A 47-year-old male developed heart failure due to dilated cardiomyopathy 12 years ago. A cardiac resynchronization therapy-defibrillator (CRT-D; Medtronic^® Viva XT CRT-D; AAI 60) was implanted due to VF 7 years ago, and as a bridge to transplantation, a HeartMate II® LVAD was implanted 4 years ago. No arrhythmia developed immediately after LVAD implantation; thus, his CRT-D shock therapy was turned off immediately after LVAD implantation. At the time of LVAD implantation, his transthoracic echocardiographic study showed a significant decrease in the left ventricular (LV) contractility (ejection fraction; 13%), dilation of left ventricle (51 mm in diastole) and trivial aortic regurgitation (AR) without opening of aortic valve but right ventricular (RV) contraction had maintained well relatively (RV fractional area change; 33%).

Eight months after LVAD implantation, the patient developed palpitations and was admitted to our hospital due to repeated VAs necessitating electrical defibrillation. Echocardiography showed the left ventricle diameter did not change, whereas right ventricle volume was slightly enlarged. The repeated VAs were also refractory to various anti-arrhythmic agents, including amiodarone, nifekalant, mexiletine and lidocain, with eventual progression to sustained VF. The hemodynamic compromise due to sustained VF resulted in liver congestion, which was alleviated with a phosphodiesterase type 5 inhibitor, diuretics, and rotation speed optimization (from 8800 to 9600 rpm). These interventions reduced organ dysfunction, suggesting that minimum-required perfusion to vital organs was maintained even under sustained VF. The patient was followed up on an outpatient basis thereafter.

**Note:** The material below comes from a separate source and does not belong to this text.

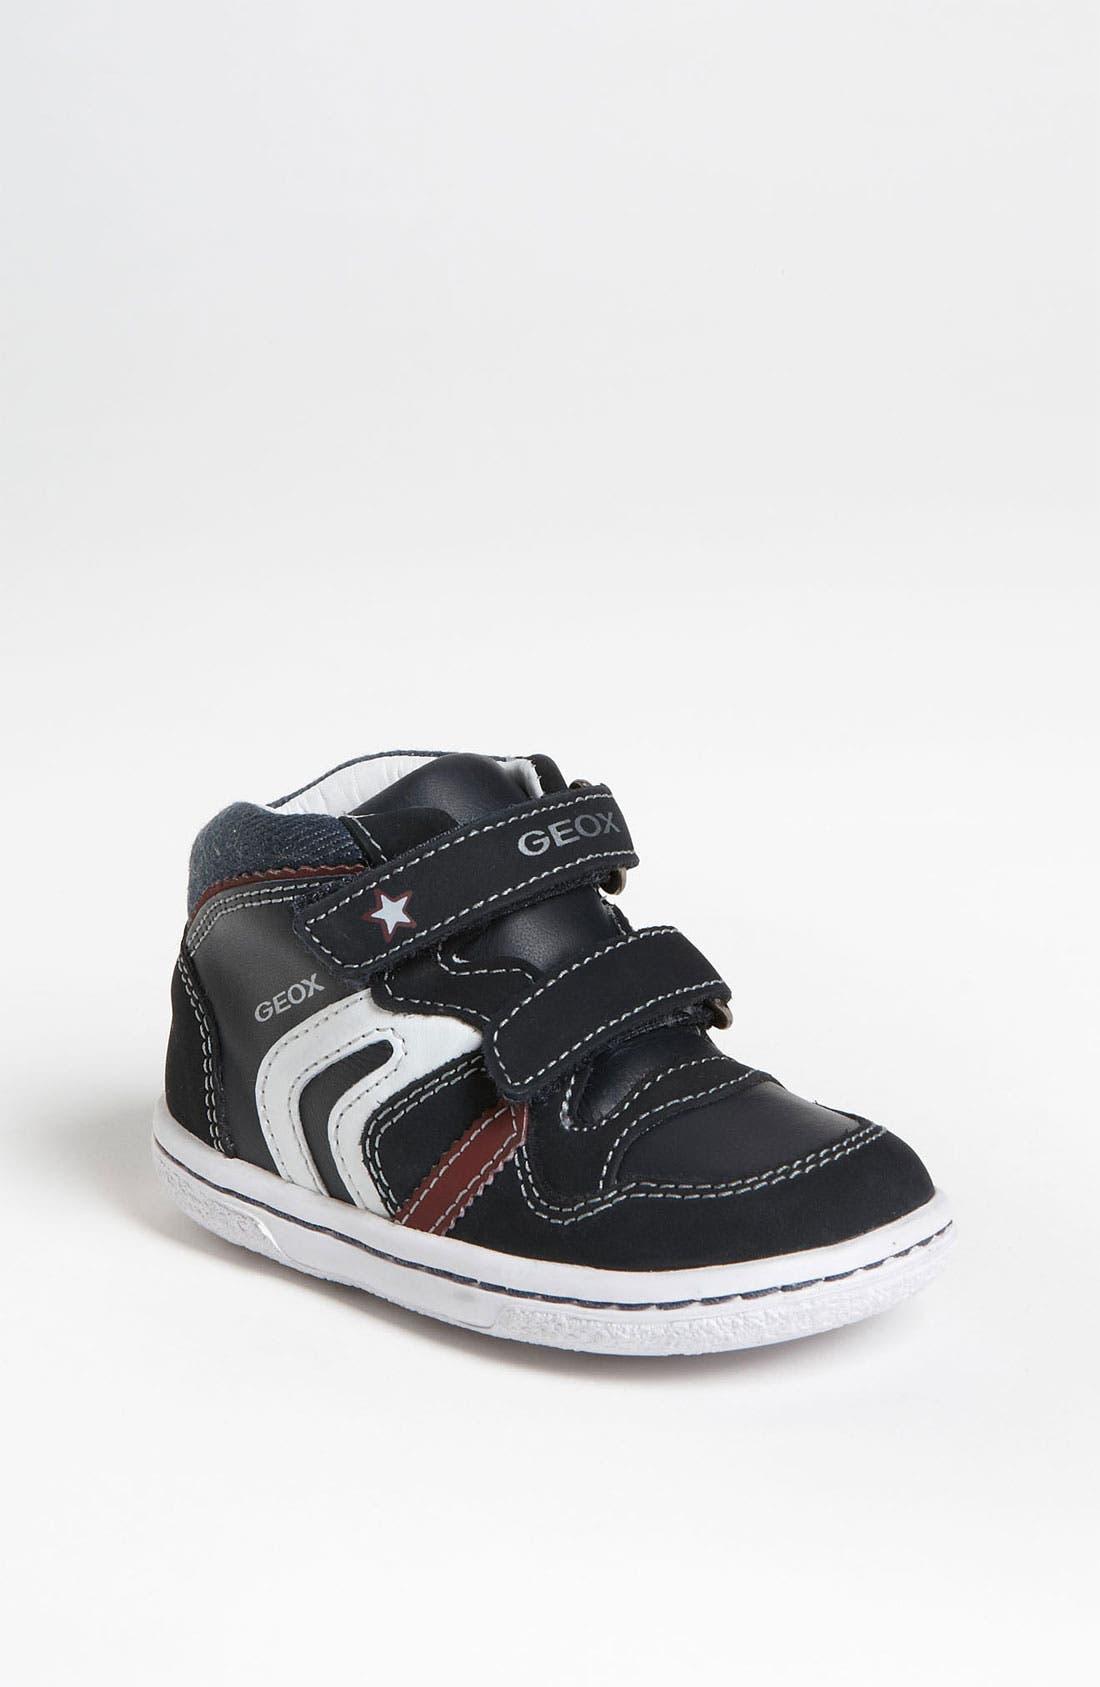 Alternate Image 1 Selected - Geox 'Flick' Sneaker (Baby, Walker & Toddler)

Approximately 2 years after the development of sustained VF, paroxysmal AF was detected on the monitoring records of CRT-D, with a gradually increasing frequency. After 3 years of sustained VF, the patient was readmitted to our hospital due to worsening of symptoms associated with right heart failure and liver congestion (total bilirubin, 3.9 mg/dl). Although his electrocardiogram remained sustained VF (Fig. 1), the CRT-D revealed conversion of the sinus or atrial pacing rhythm to persistent AF. Transthoracic echocardiography revealed that fibrillation of the atrium resulted in the disappearance of not only the mitral flow but also the RV outflow tract doppler flow by the atrial kick (Fig. 2, Additional file 1, 2, 3, 4, 5 and 6). Under sustained VF, RV cardiac output is greatly dependent on atrial kick in which the contribution of atrial kick extraordinary enhanced. The hemodynamic study indicated that the pressure wave from the right atrium (RA) to the right ventricle was significantly flattened resulting that the pulmonary artery pulsatility index, which is defined as the ratio of pulmonary artery pulse pressure to right atrial pressure, was markedly decreased. It suggested a marked reduction in blood flow induced by RA contraction in persistent AF as opposed to sinus rhythm (Fig. 3). As the incremental rotation speed lead to an increase in RA pressure (RAP) from 19 mmHg to 22 mmHg, the rotation speed was set to 9600 rpm and the right heart congestion was treated with additional diuretics insufficiently and the enhanced level of total bilirubin was prolonged. Until four months later, heart failure was gradually improved and the level of total bilirubin decreased below 2 mg/dl. The monitoring records of CRT-D revealed the recovery of sinus rhythm during previous four months (Fig. 4). Although he had remained sustained VF, the recovery of sinus rhythm finely corresponded to the improvement of heart failure and the level of his total bilirubin decreased to 1.2 mg/dl. It intensely corroborated the contribution of persistent AF on the worsening of right heart failure.